5 Best Last Minute Tax Saving Investment Options

tax saving

FY 2016-17 is about to over. We are left with only 4 days. Hopefully, you are feeling relax after completing tax saving exercise. Well, how prudently it is done is a debatable topic. However, if you have not yet completed your tax saving exercise and looking for last minute tax saving investment options you are at right place. In this post, I will be sharing 5 best Last minute tax saving investment options.

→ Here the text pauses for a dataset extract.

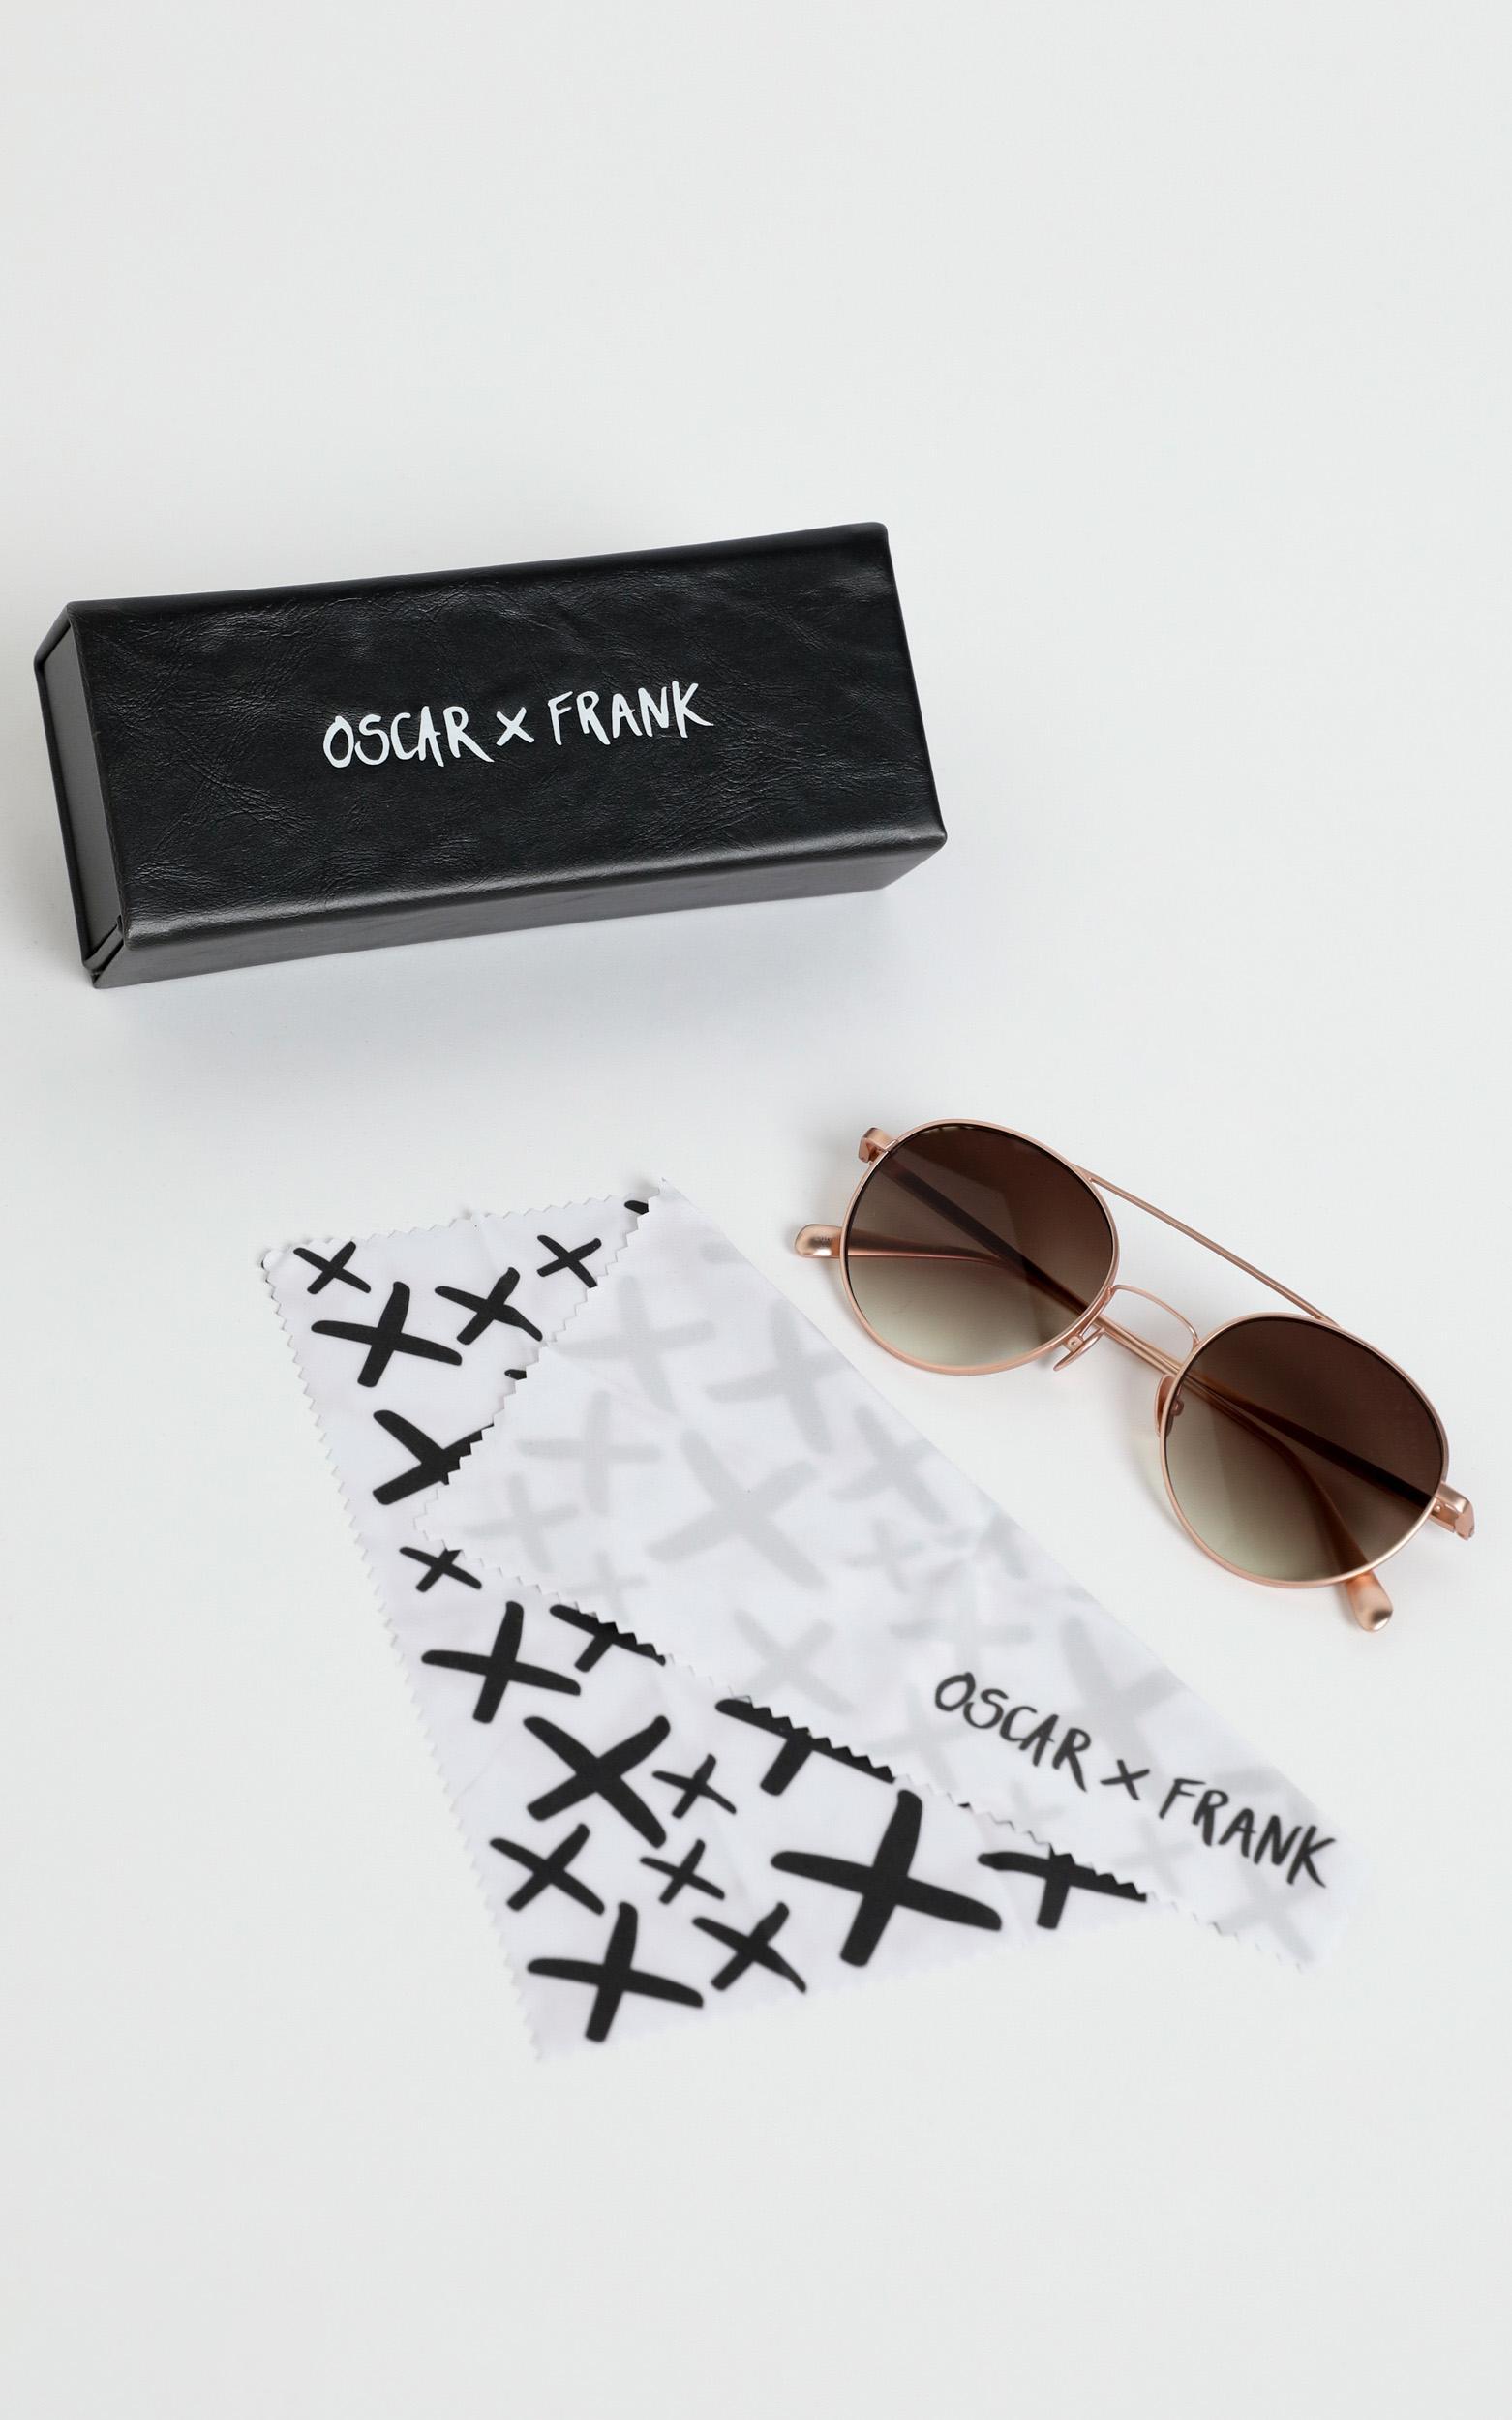 Oscar & Frank - Langkawi 2.0 Sunglasses in Rose Gold, Rose Gold, hi-res image number null

Everyone hate taxes. But the fact is there is no escape from it. Sooner or later you need to do tax planning. The more you delay, the more painful it gets. Let’s take one hypothetical example. Mr.X is particular about tax planning and investment.  He starts tax planning with the beginning of every financial year and invest Rs. 50,000 in PPF on very first day of April month.  On the other end, Mr.Y is last minute tax planner and he invests Rs.50,000 in PPF in every March. The story continues till 15 years of PPF maturity. At the maturity, Mr.X will get 14.66 Lakh and Mr.Y will get Rs.13.57 Lakh. (Assuming a return of 8% p.a). So, clearly Mr.X efficient tax planner will be a winner.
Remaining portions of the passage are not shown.